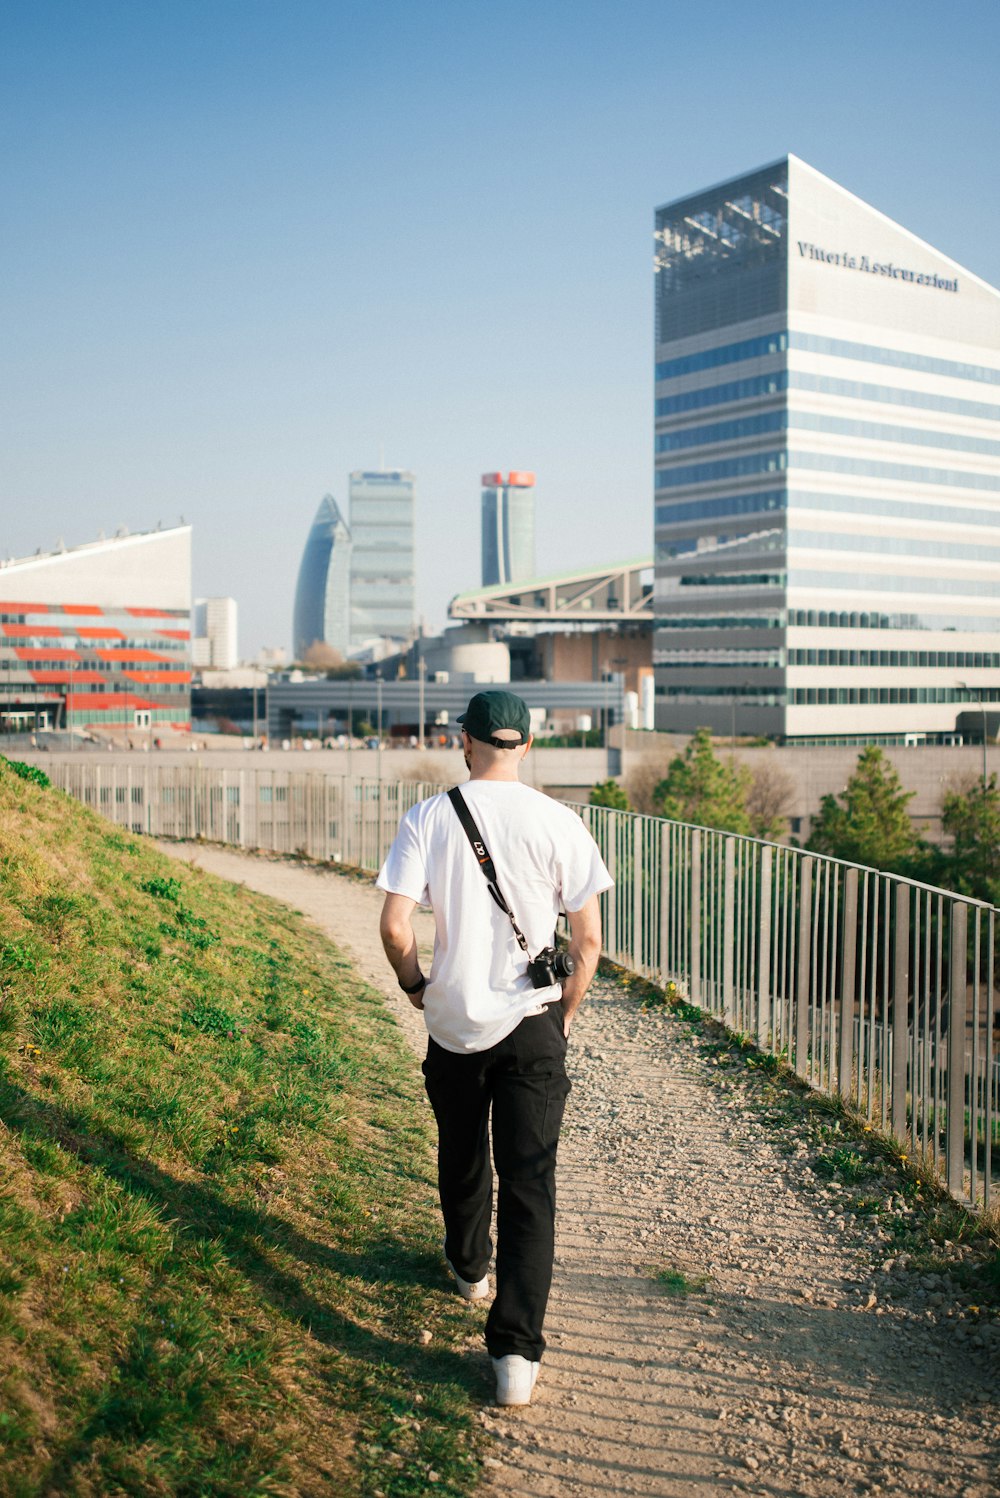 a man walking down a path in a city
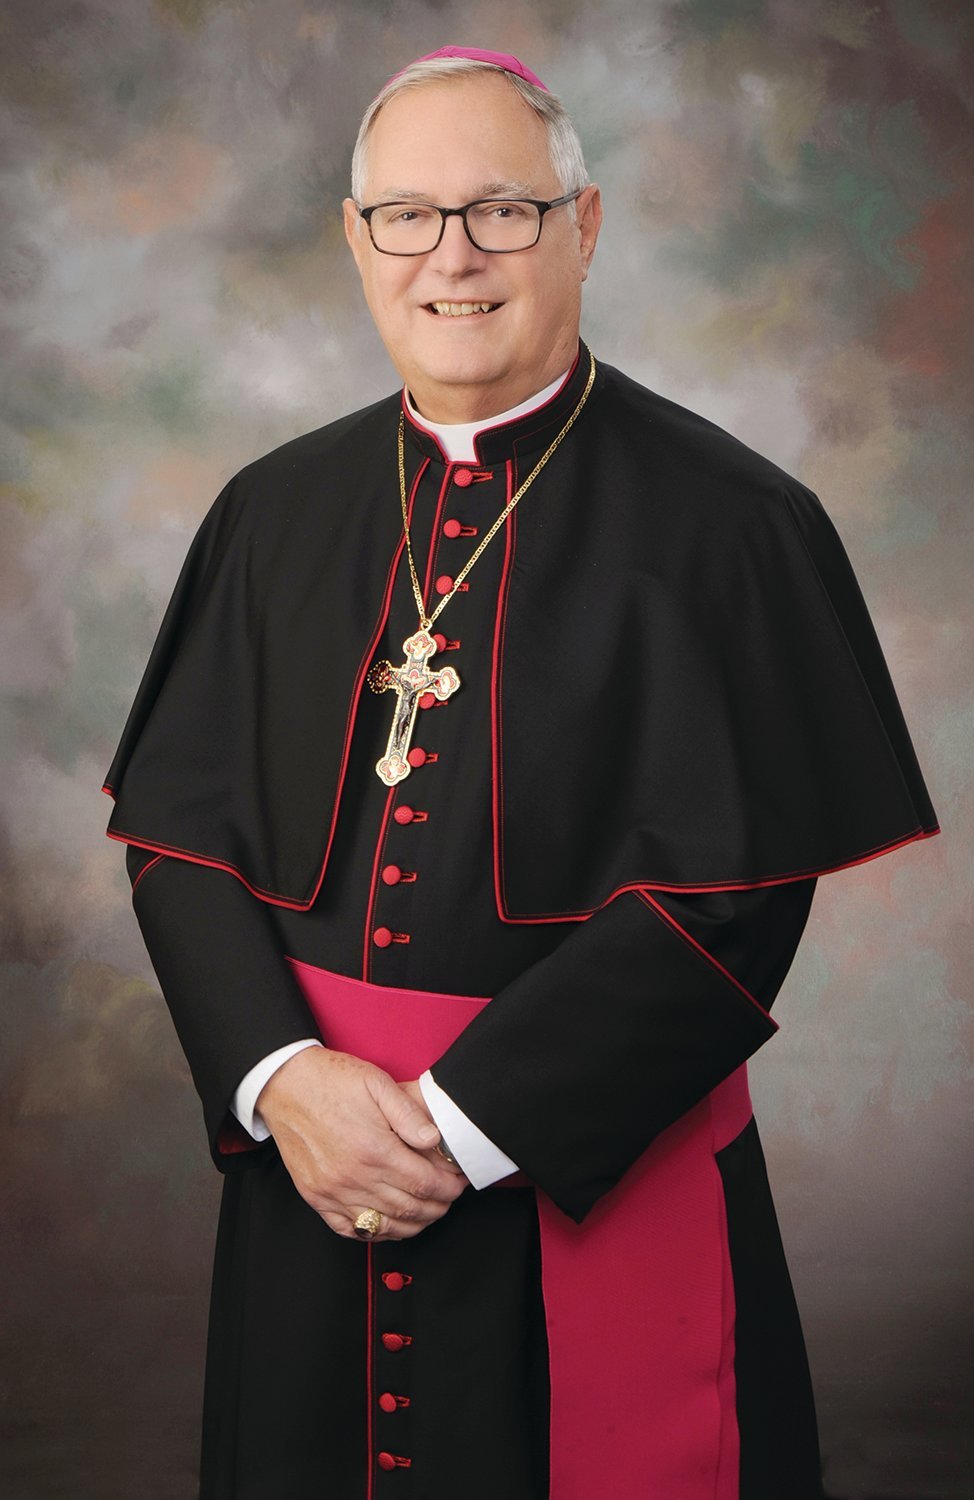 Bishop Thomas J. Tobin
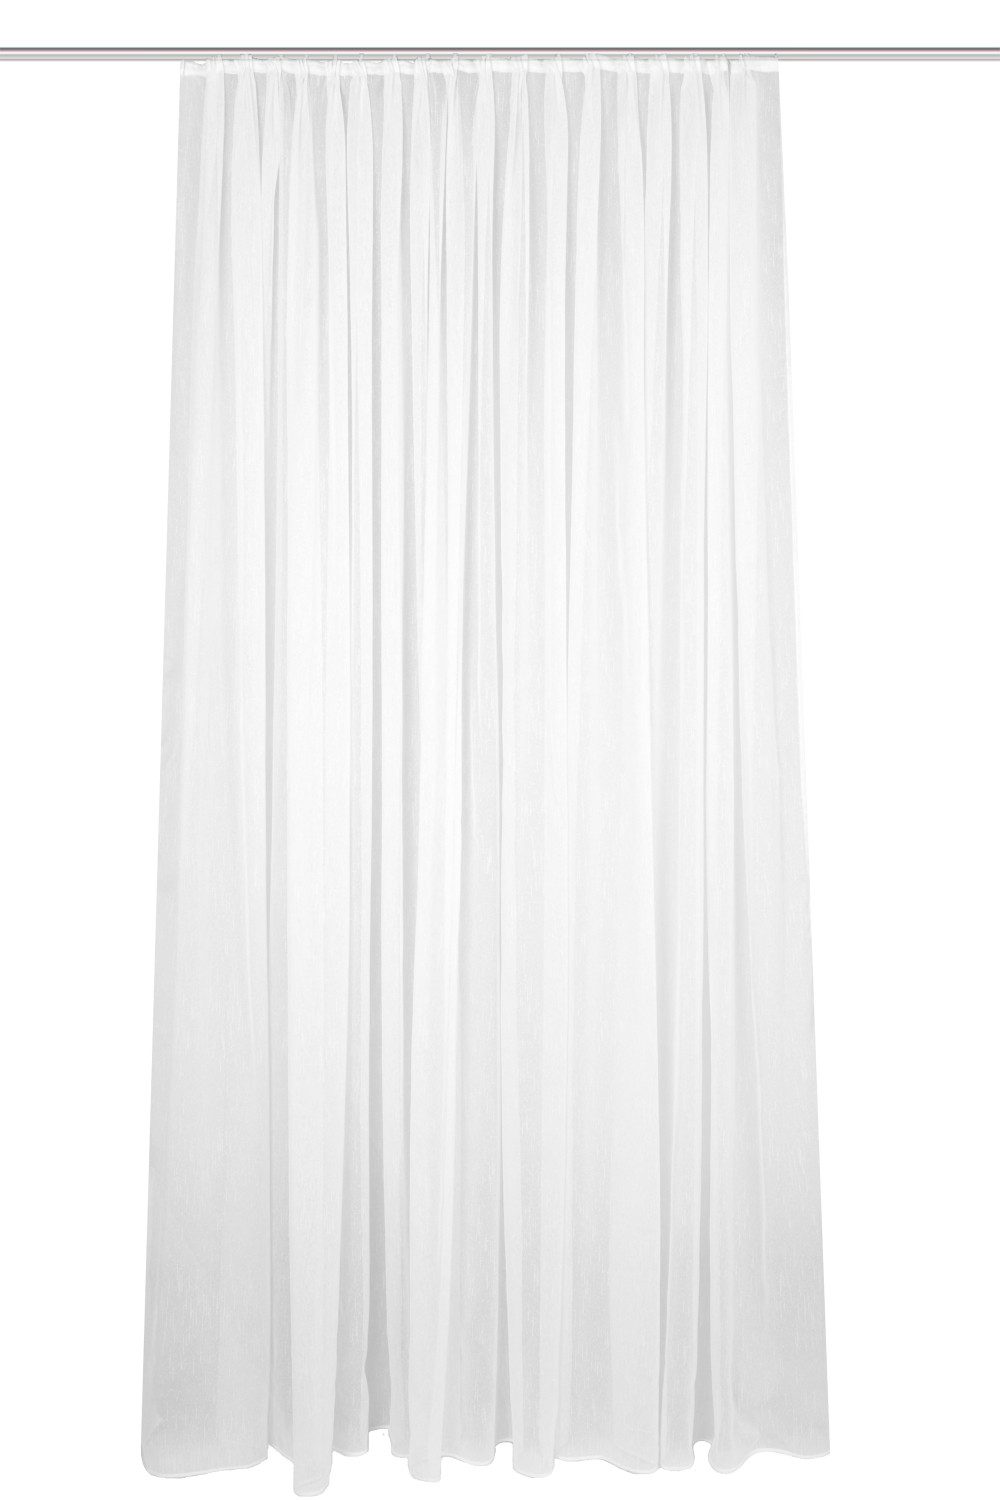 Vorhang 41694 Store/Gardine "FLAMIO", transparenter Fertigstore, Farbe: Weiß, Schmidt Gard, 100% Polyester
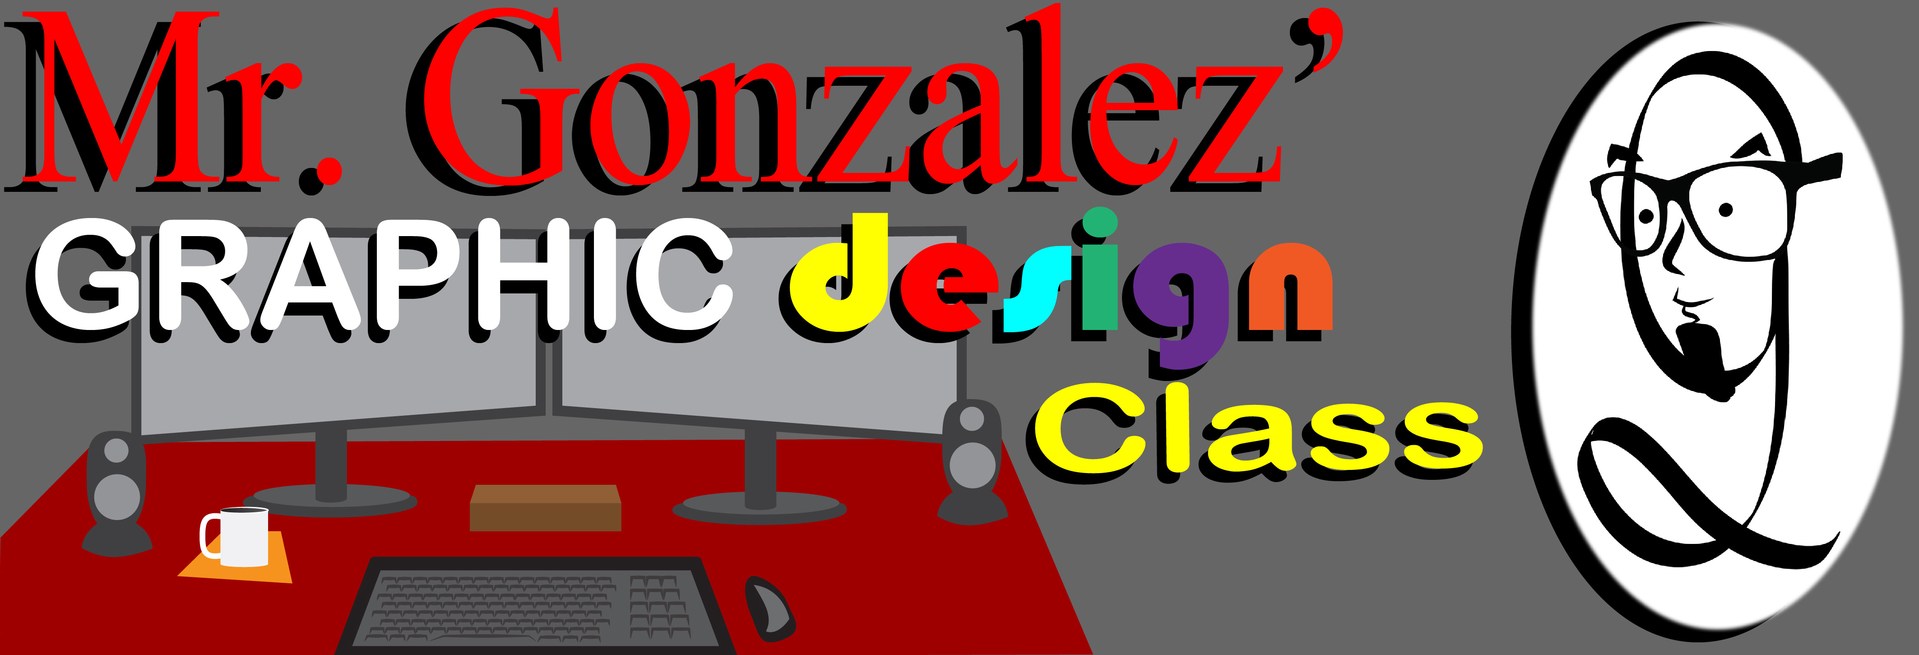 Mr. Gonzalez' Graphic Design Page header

ACTIVITY ▸ Starting at the line that holds "Bishop Thomas J. Tobin", copy each line exactly through the end of the listing, both ends included. Leave the pictures out.

ANSWER FOR THIS EXERCISE ▸
 Bishop Thomas J. Tobin
 Vorhang 41694 Store/Gardine "FLAMIO", transparenter Fertigstore, Farbe: Weiß, Schmidt Gard, 100% Polyester
 Mr. Gonzalez' Graphic Design Page header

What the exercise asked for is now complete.